[Assignment]: Write out the listing below exactly, and omit any images you find in it.

[Information supplied]:
====================
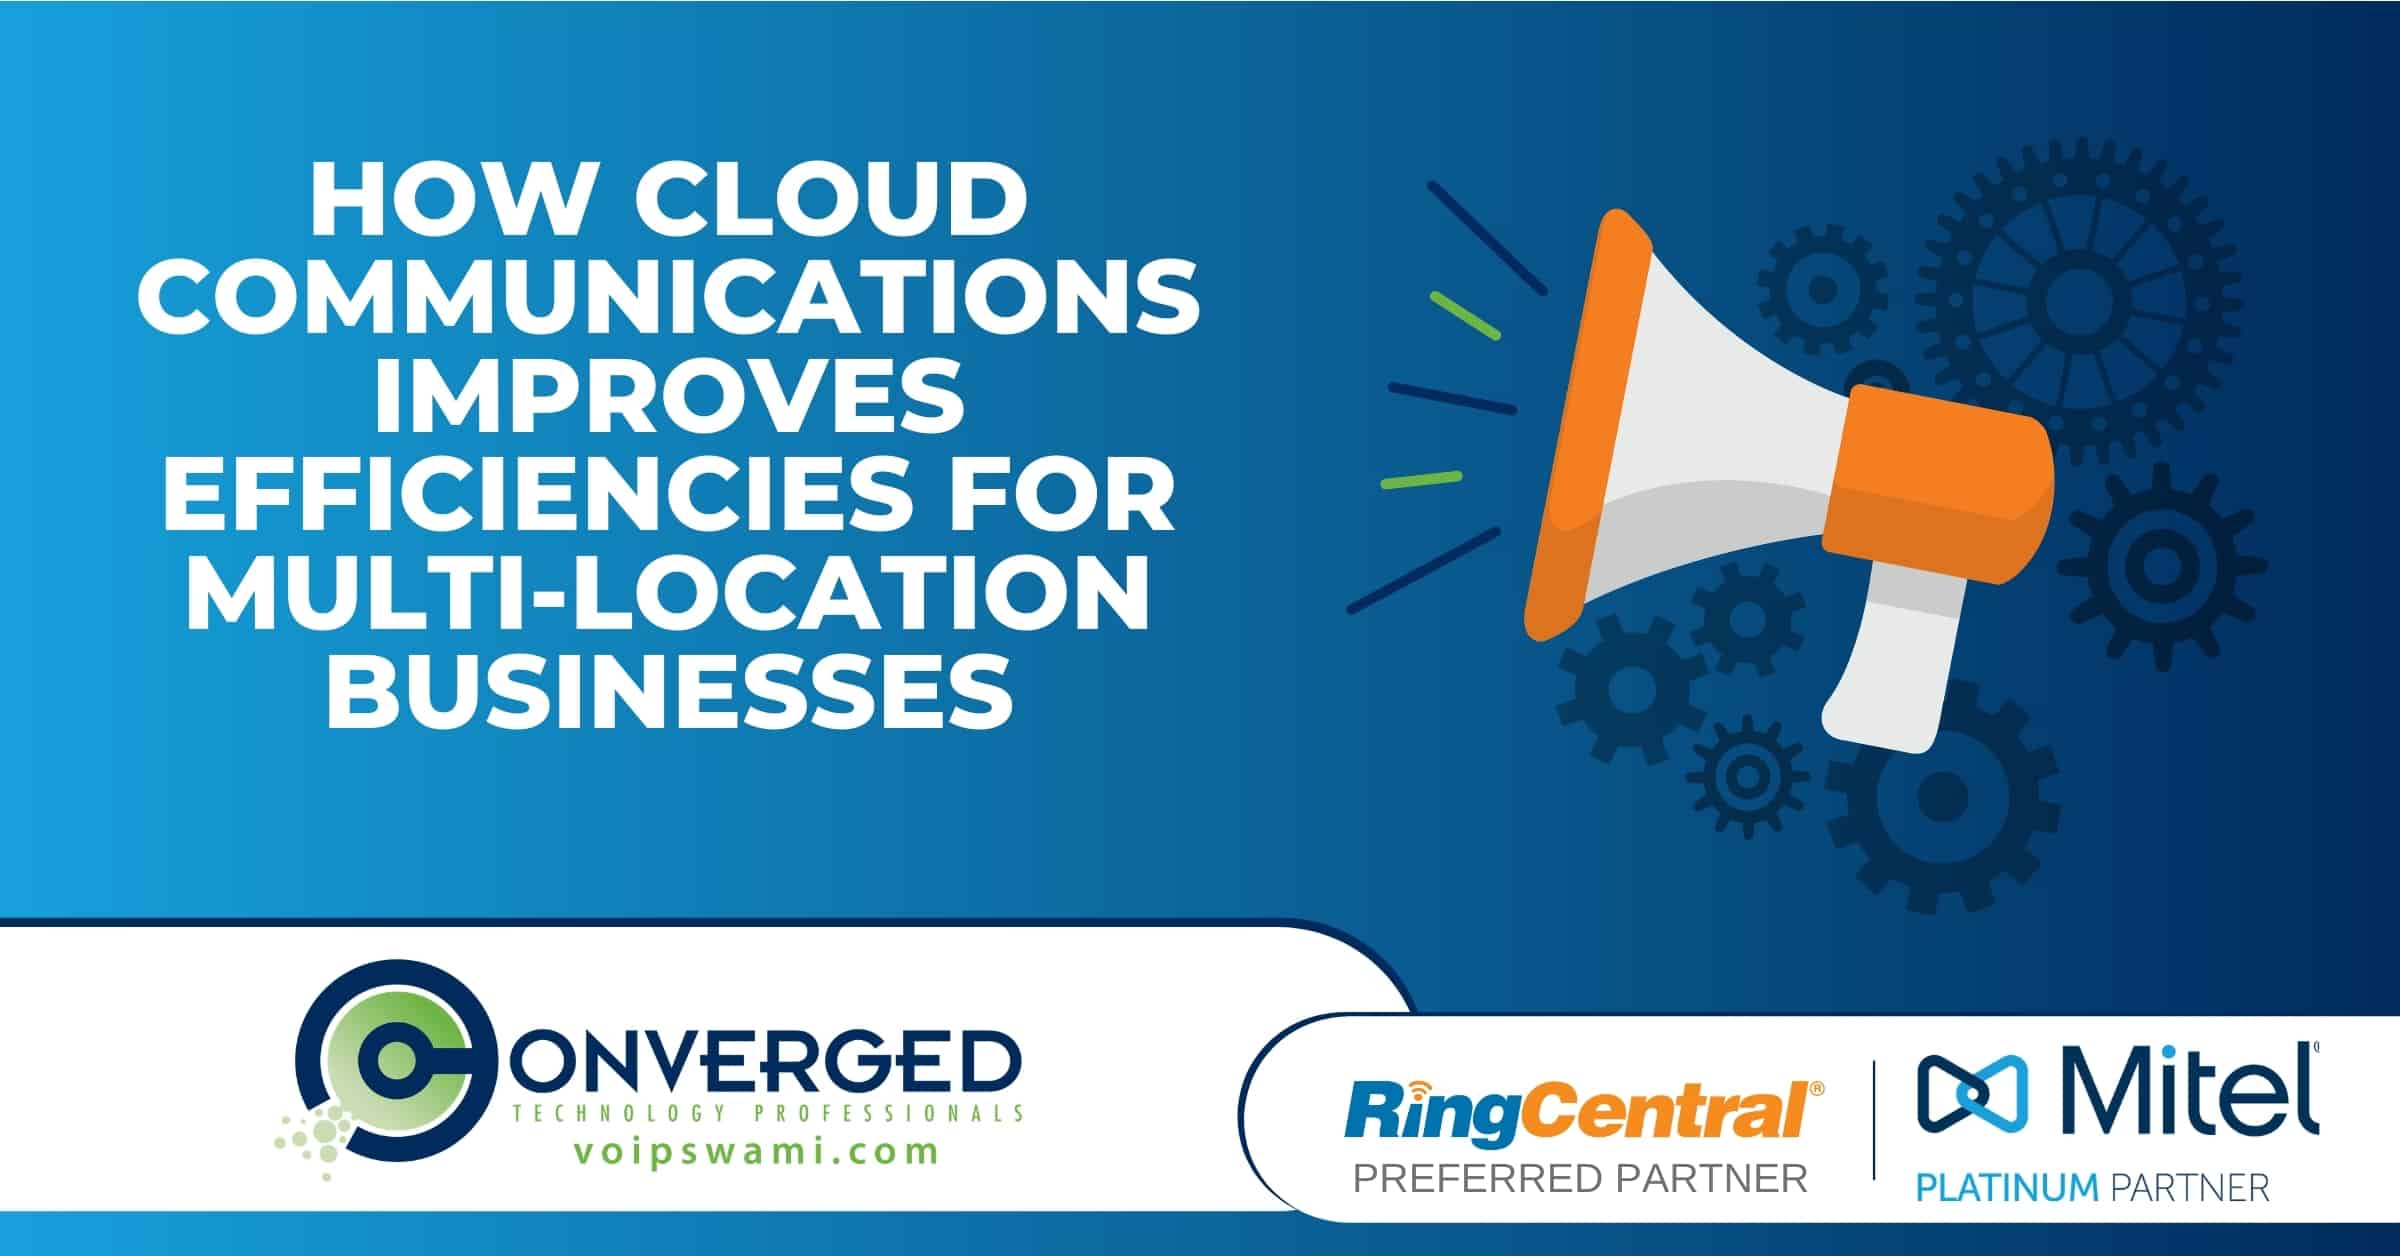 How Cloud Communications Improves Efficiencies for Multi-Location Businesses
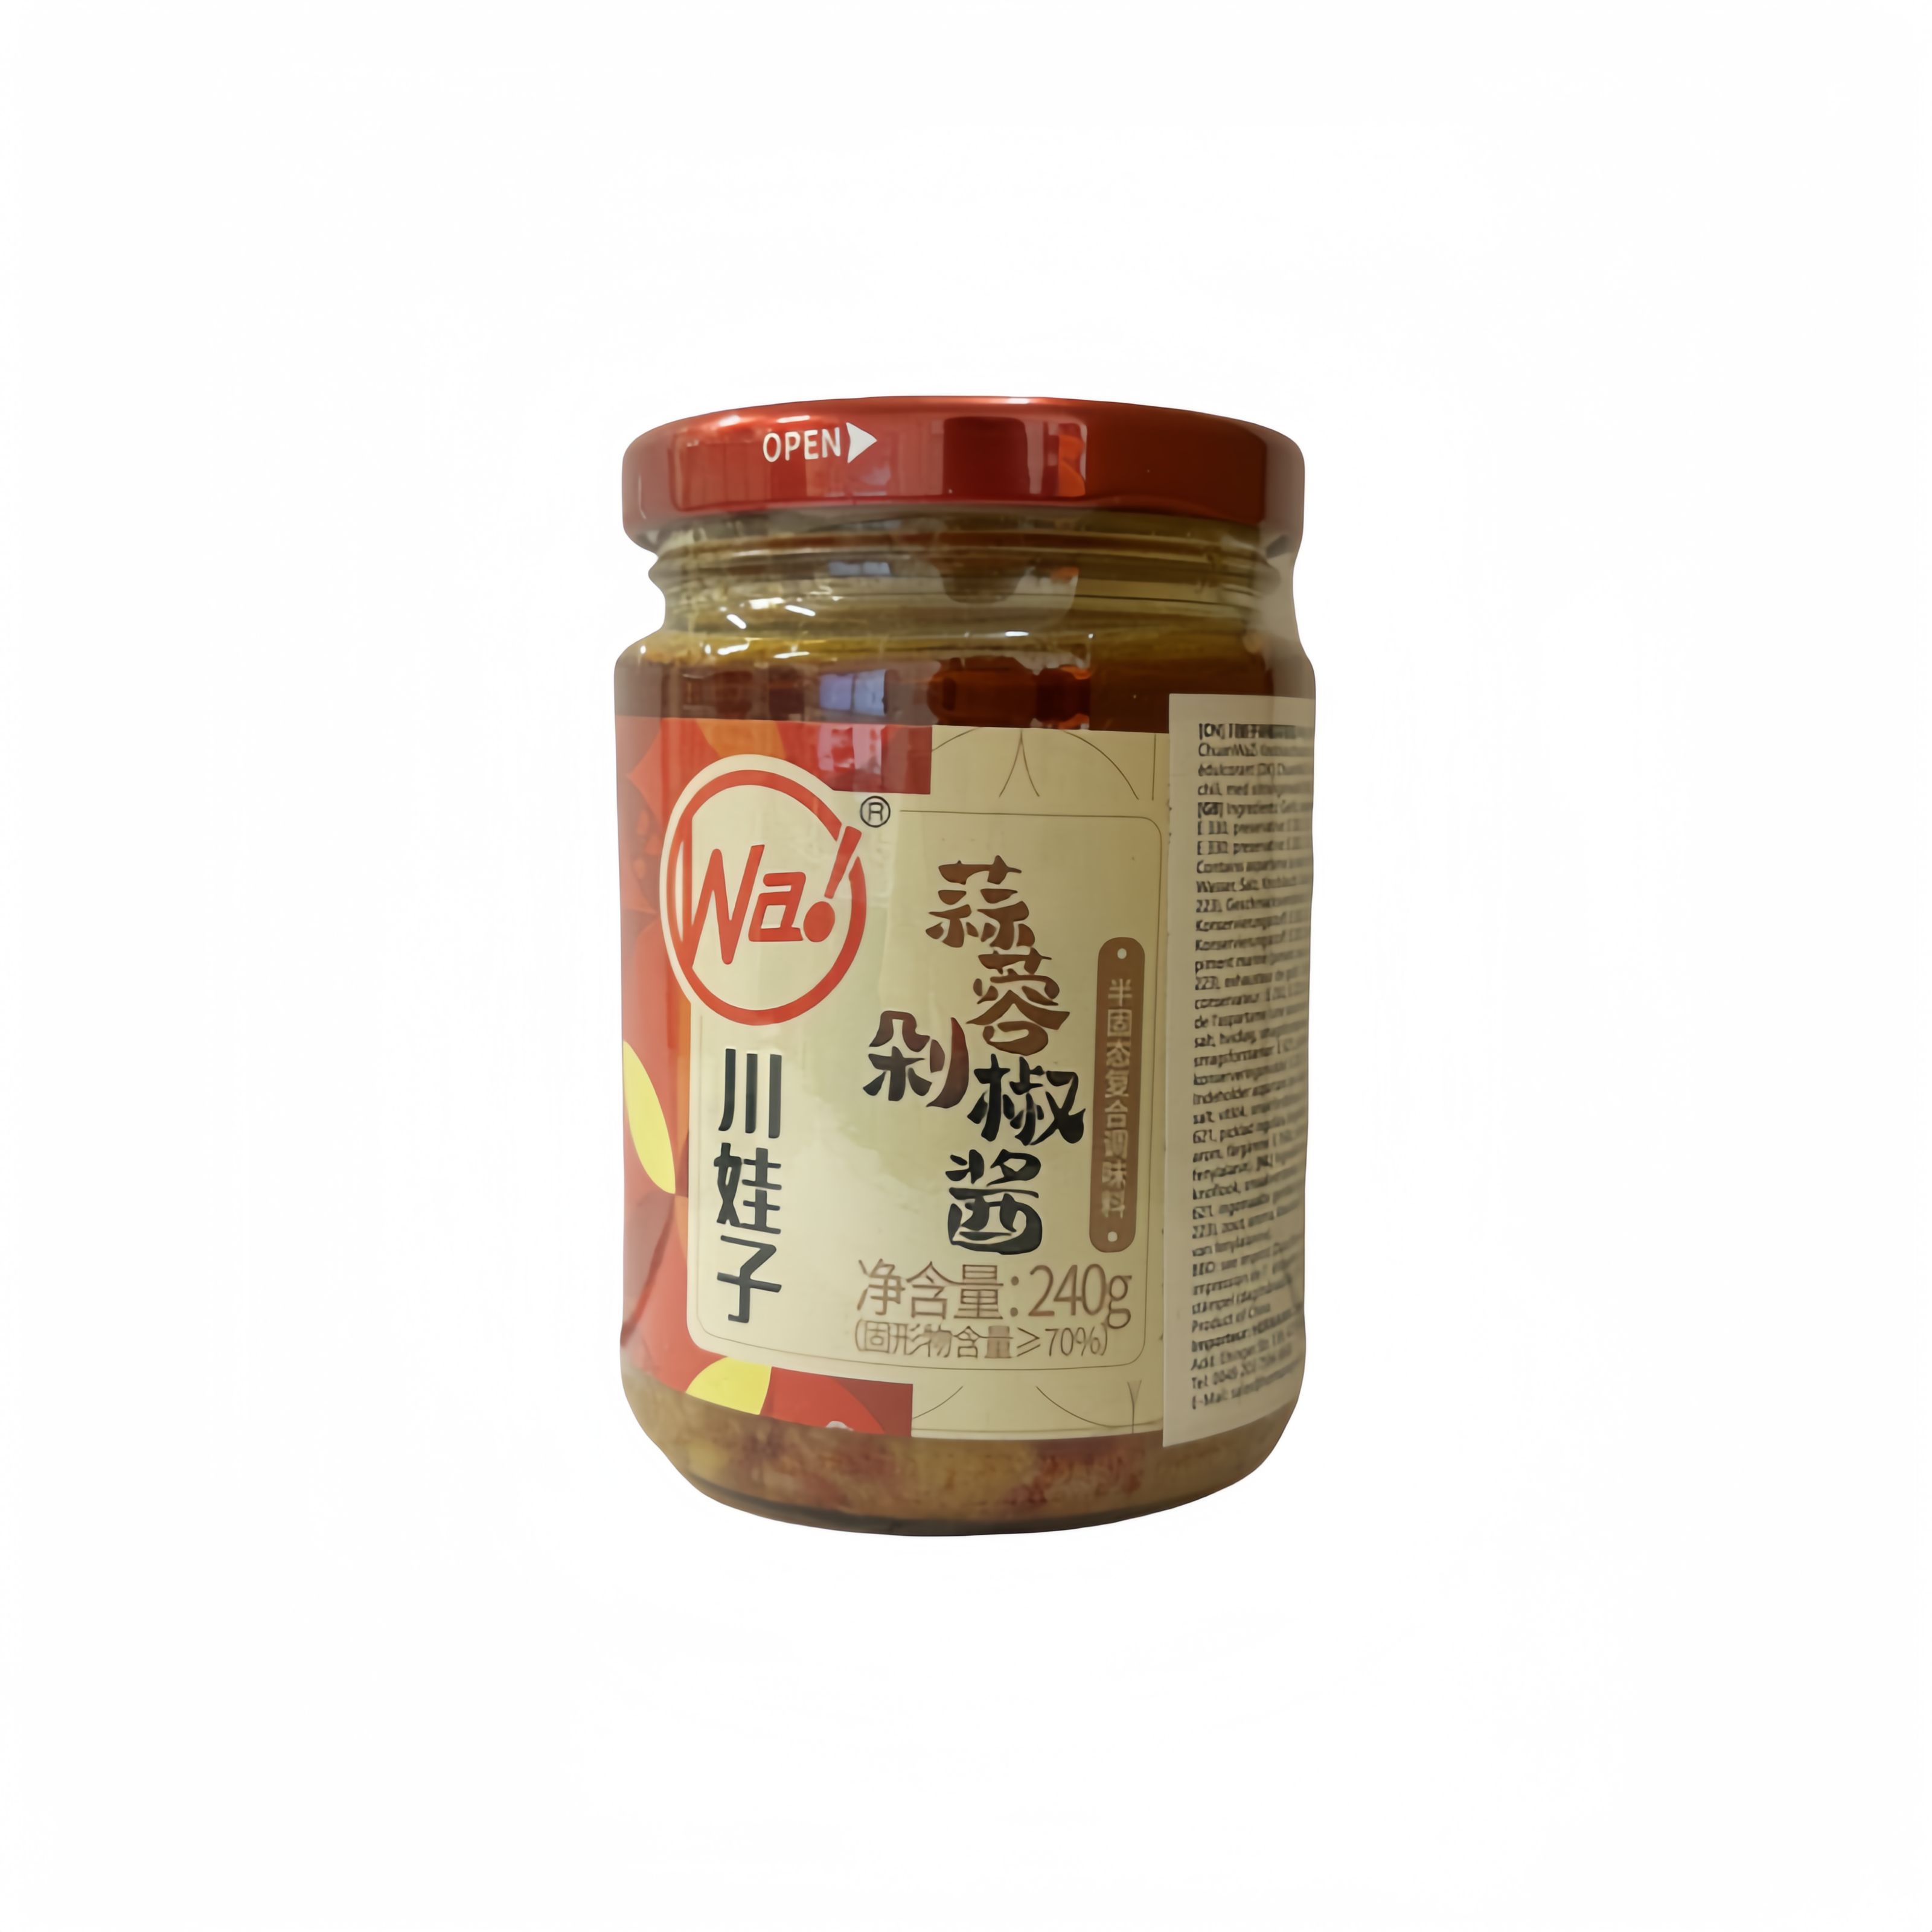 Chilli Sauce With Garlic 240g Chuan Wa Zi China
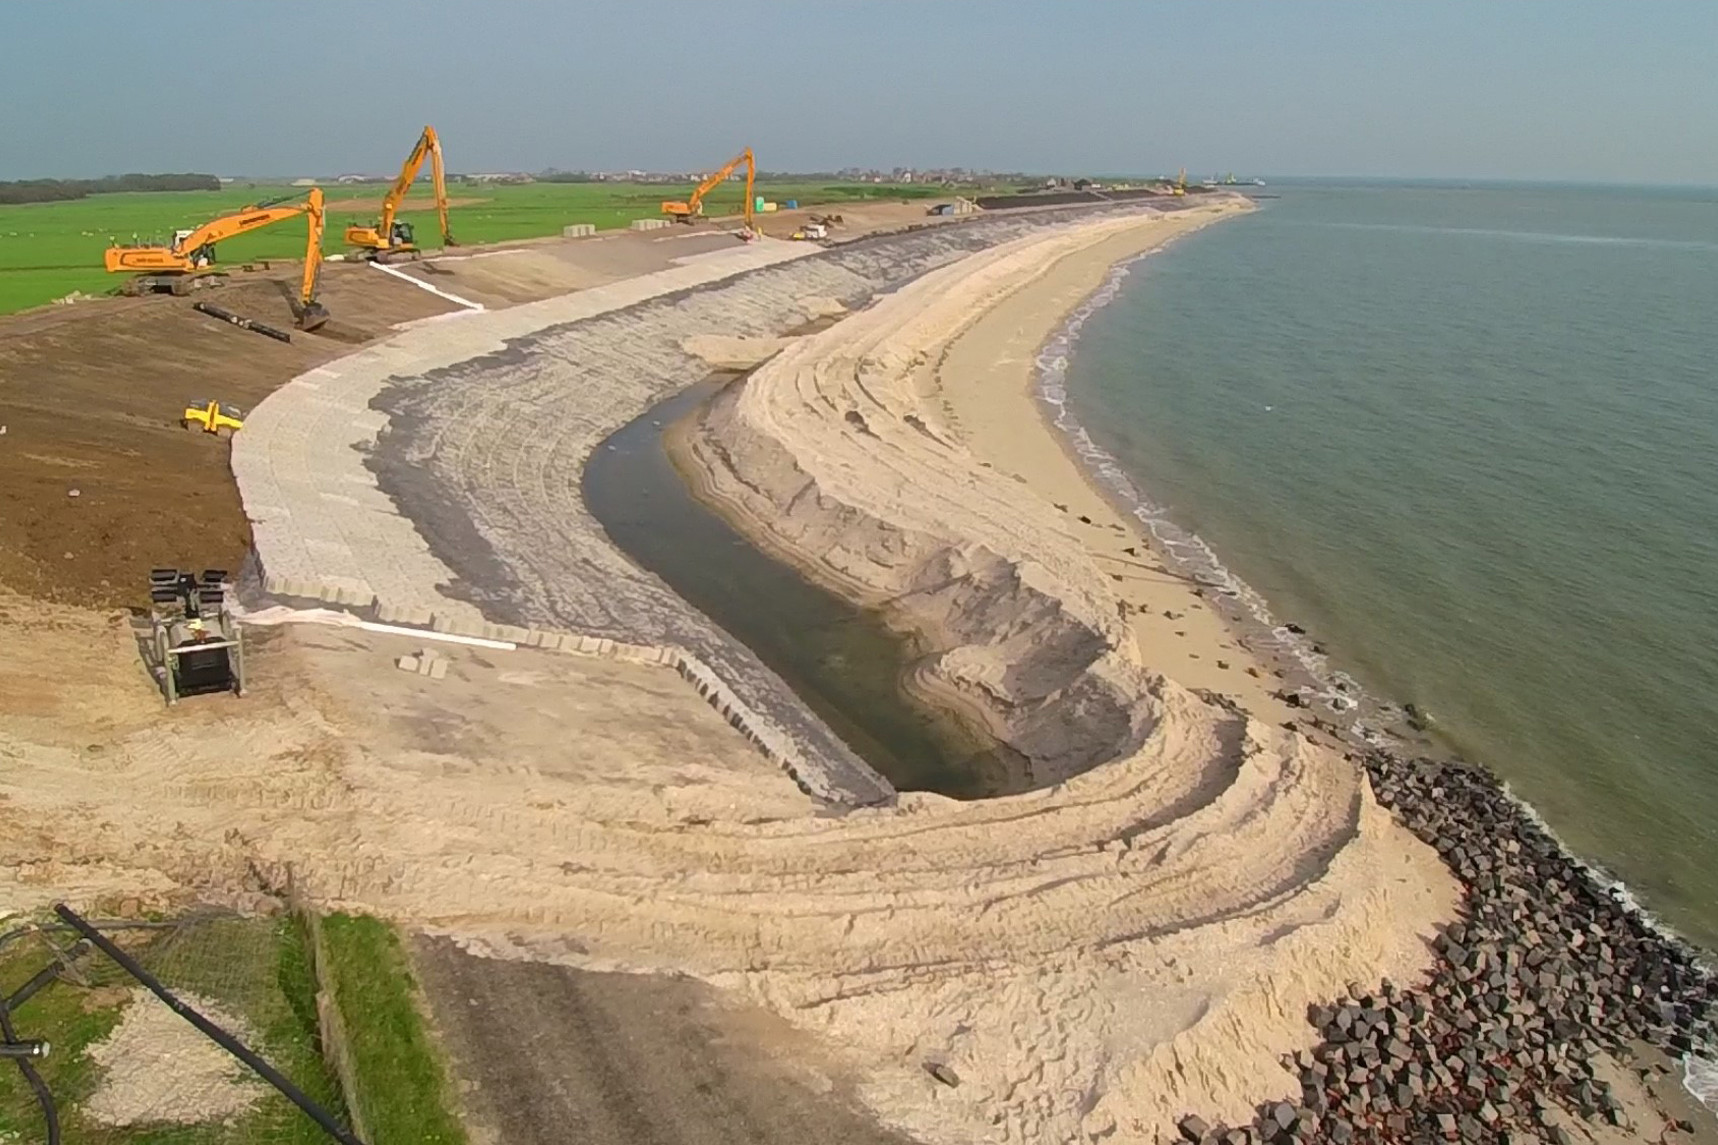 Dike upgrade activities on the island of Texel
====================
[Response area]:
 How Cloud Communications Improves Efficiencies for Multi-Location Businesses
 Chilli Sauce With Garlic 240g Chuan Wa Zi China
 Dike upgrade activities on the island of Texel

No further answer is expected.